DATASET EXTRACT =>
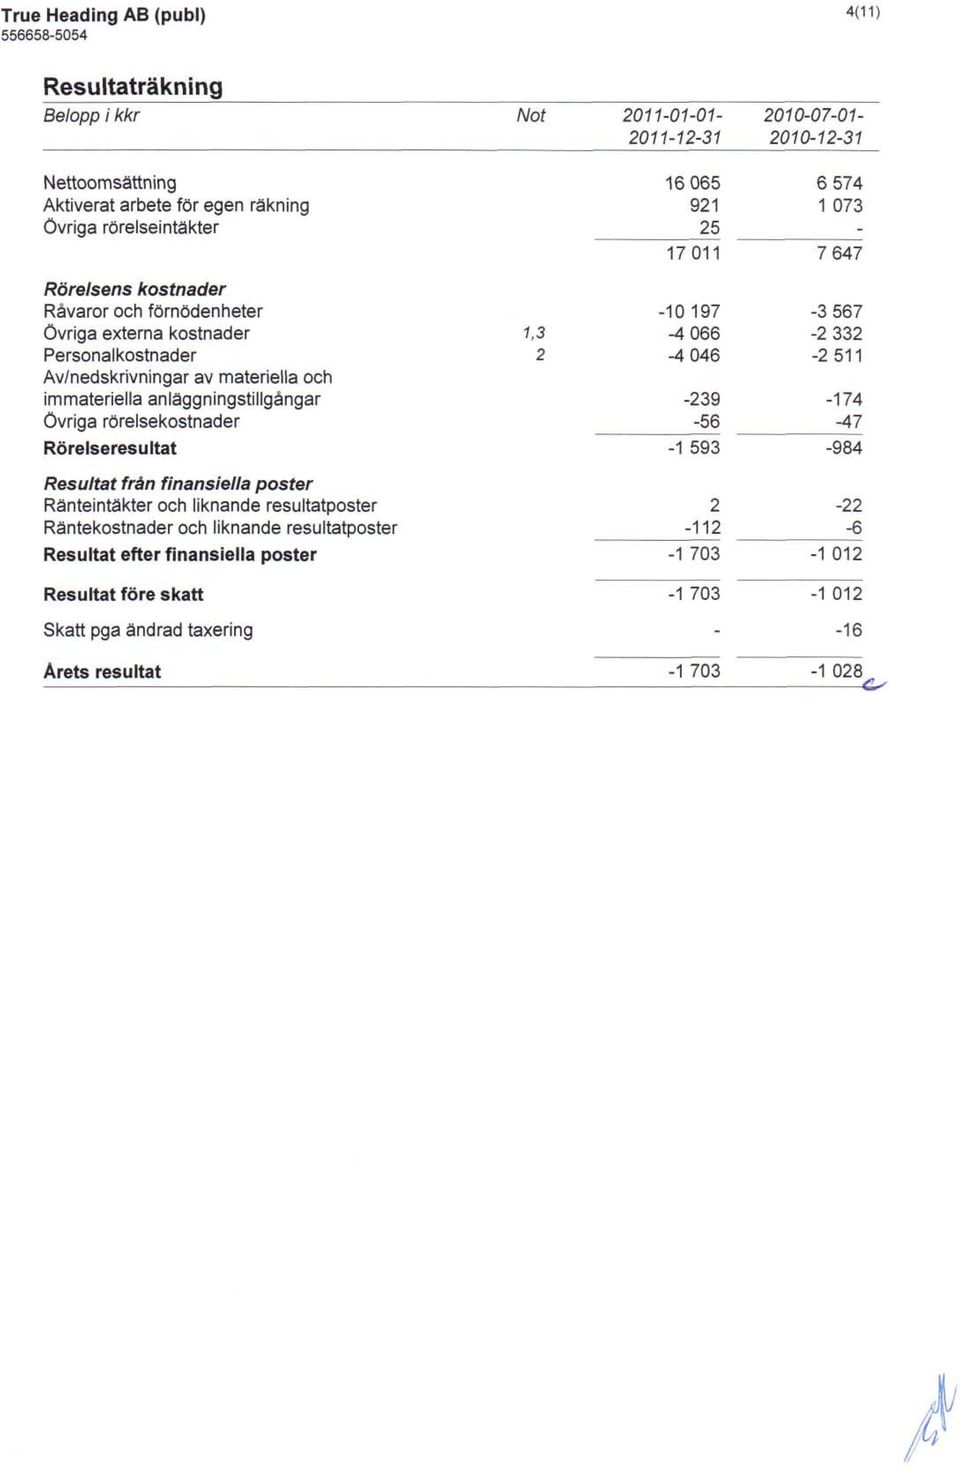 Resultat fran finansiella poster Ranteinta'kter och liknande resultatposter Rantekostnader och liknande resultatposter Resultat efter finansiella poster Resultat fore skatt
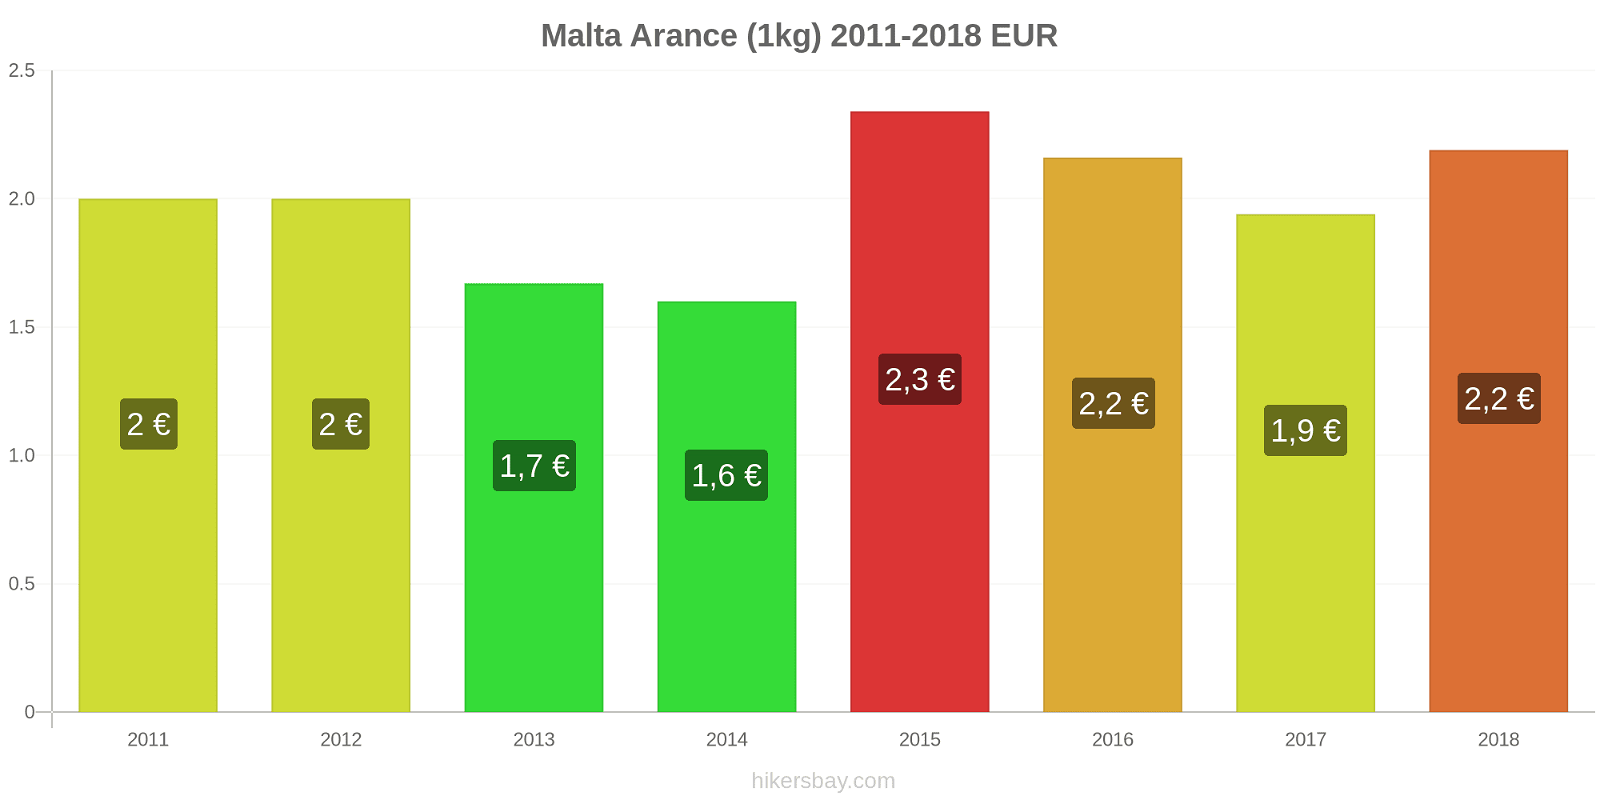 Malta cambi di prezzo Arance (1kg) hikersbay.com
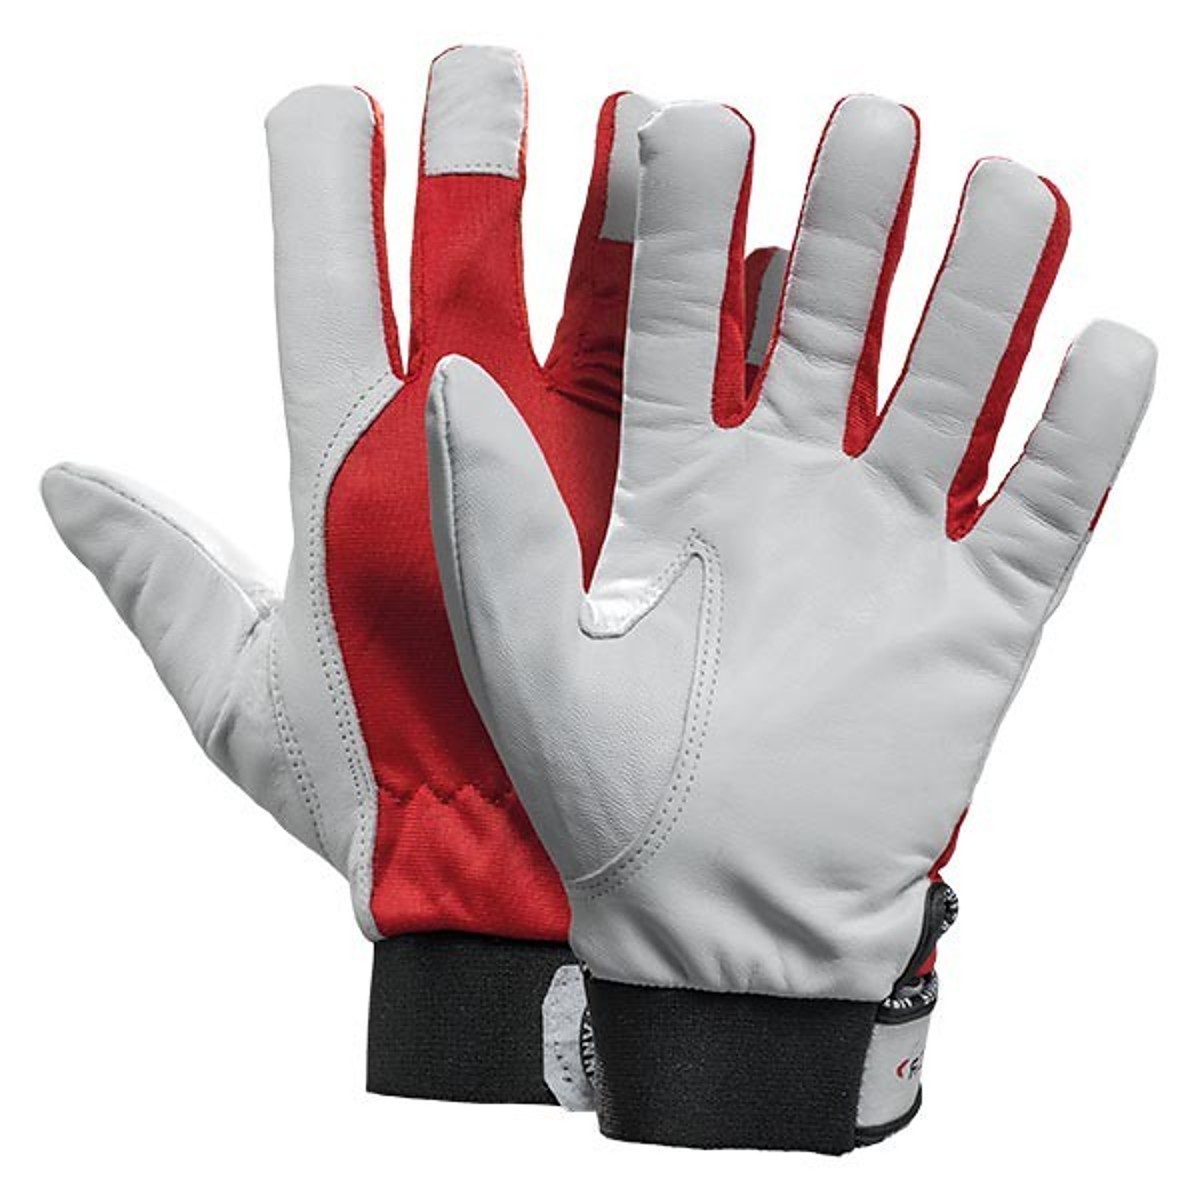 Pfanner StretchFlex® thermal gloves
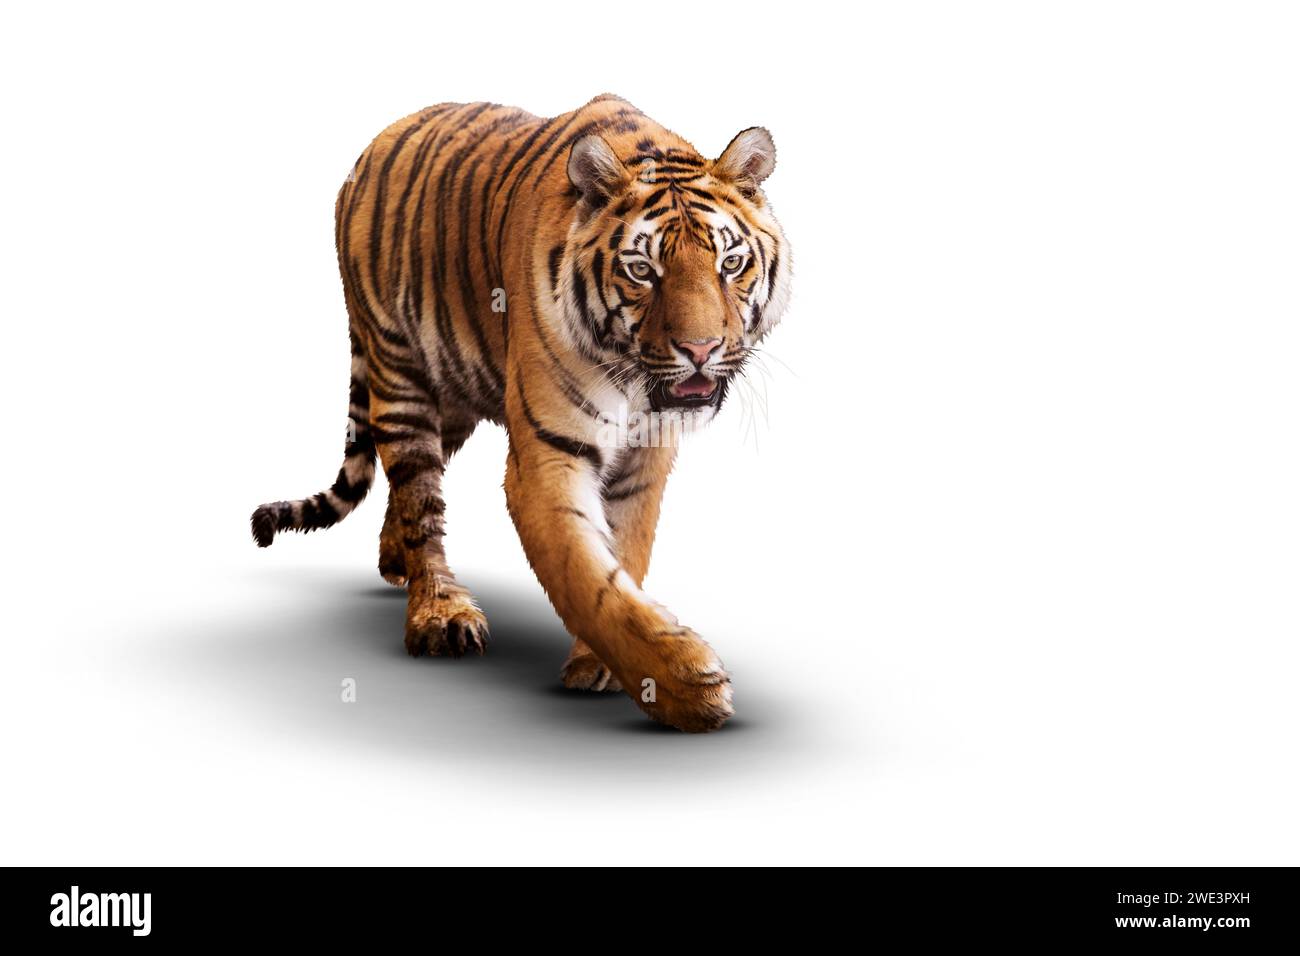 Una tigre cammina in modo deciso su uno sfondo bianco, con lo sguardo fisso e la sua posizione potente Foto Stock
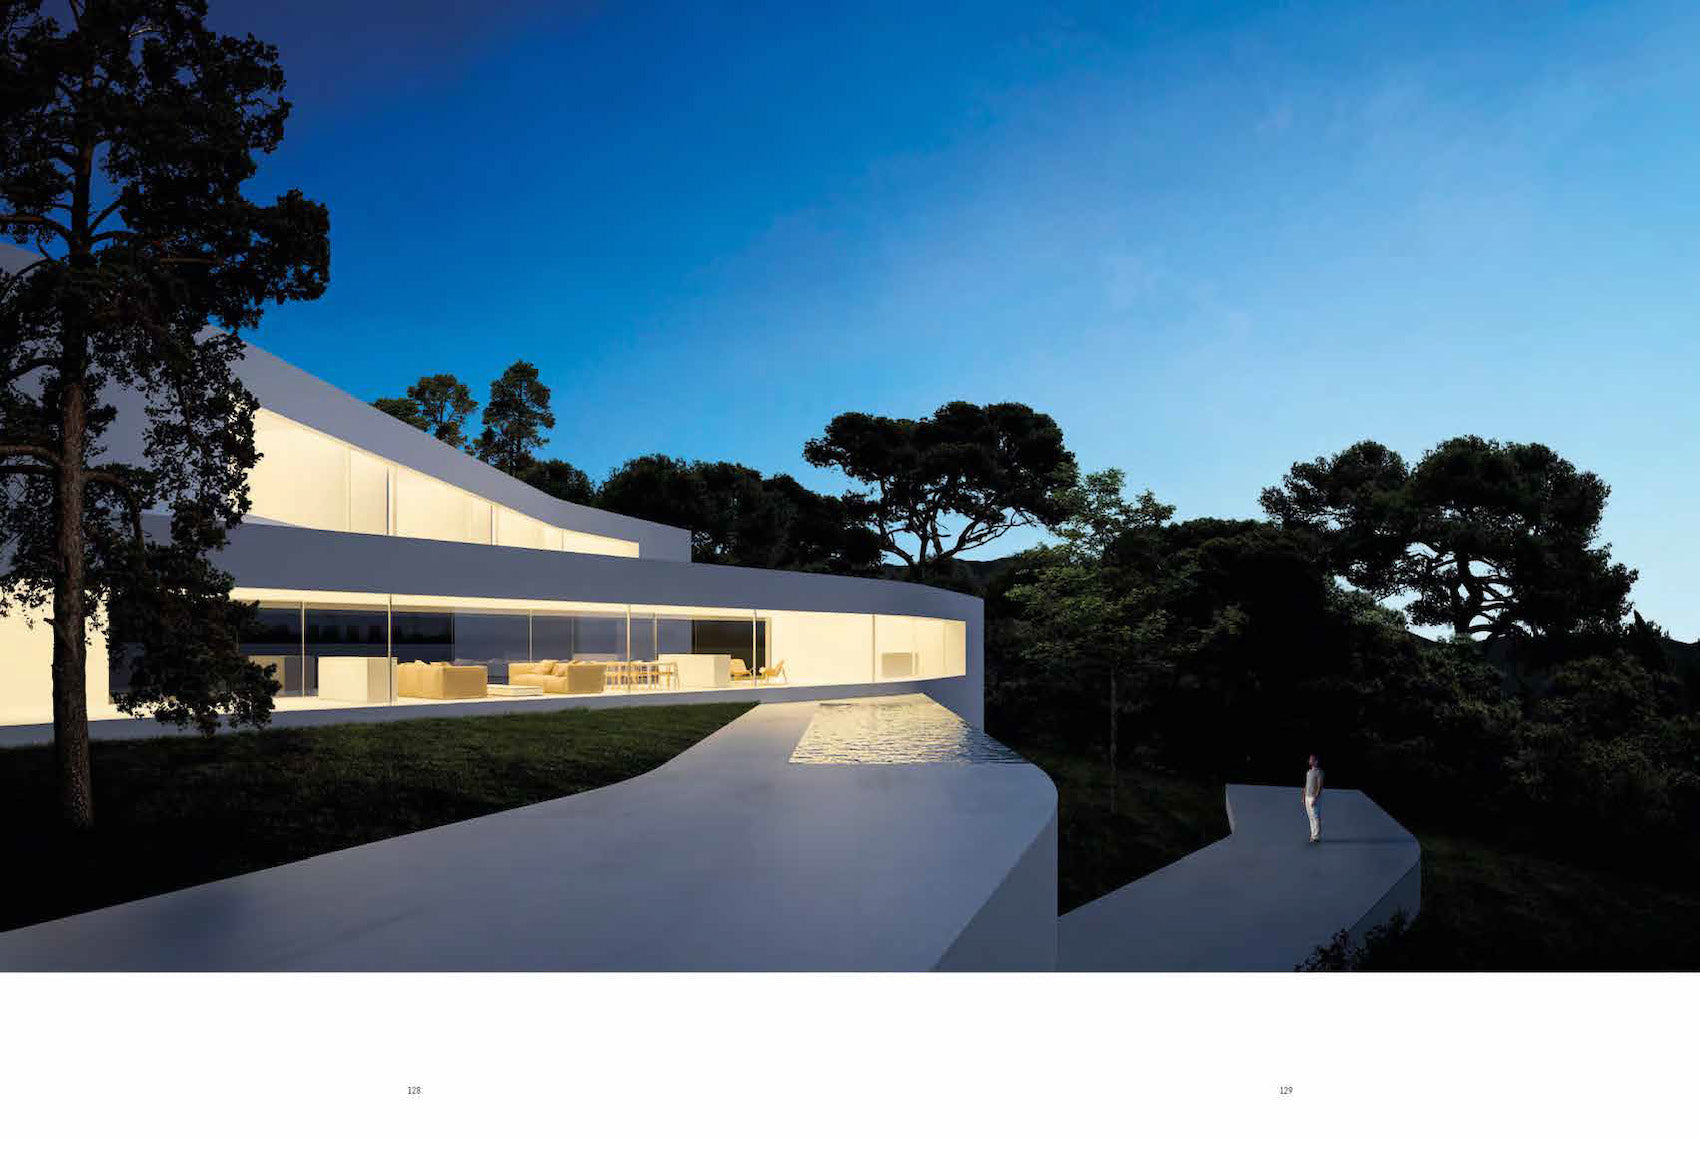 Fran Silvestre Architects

TASK BRIEF =>
Set down all of the entries exactly. Leave the pictures out.

EXERCISE OUTPUT =>
 Resultat fran finansiella poster Ranteinta'kter och liknande resultatposter Rantekostnader och liknande resultatposter Resultat efter finansiella poster Resultat fore skatt
 Malta cambi di prezzo Arance (1kg) hikersbay.com
 Pfanner StretchFlex® thermal gloves
 Una tigre cammina in modo deciso su uno sfondo bianco, con lo sguardo fisso e la sua posizione potente Foto Stock
 Fran Silvestre Architects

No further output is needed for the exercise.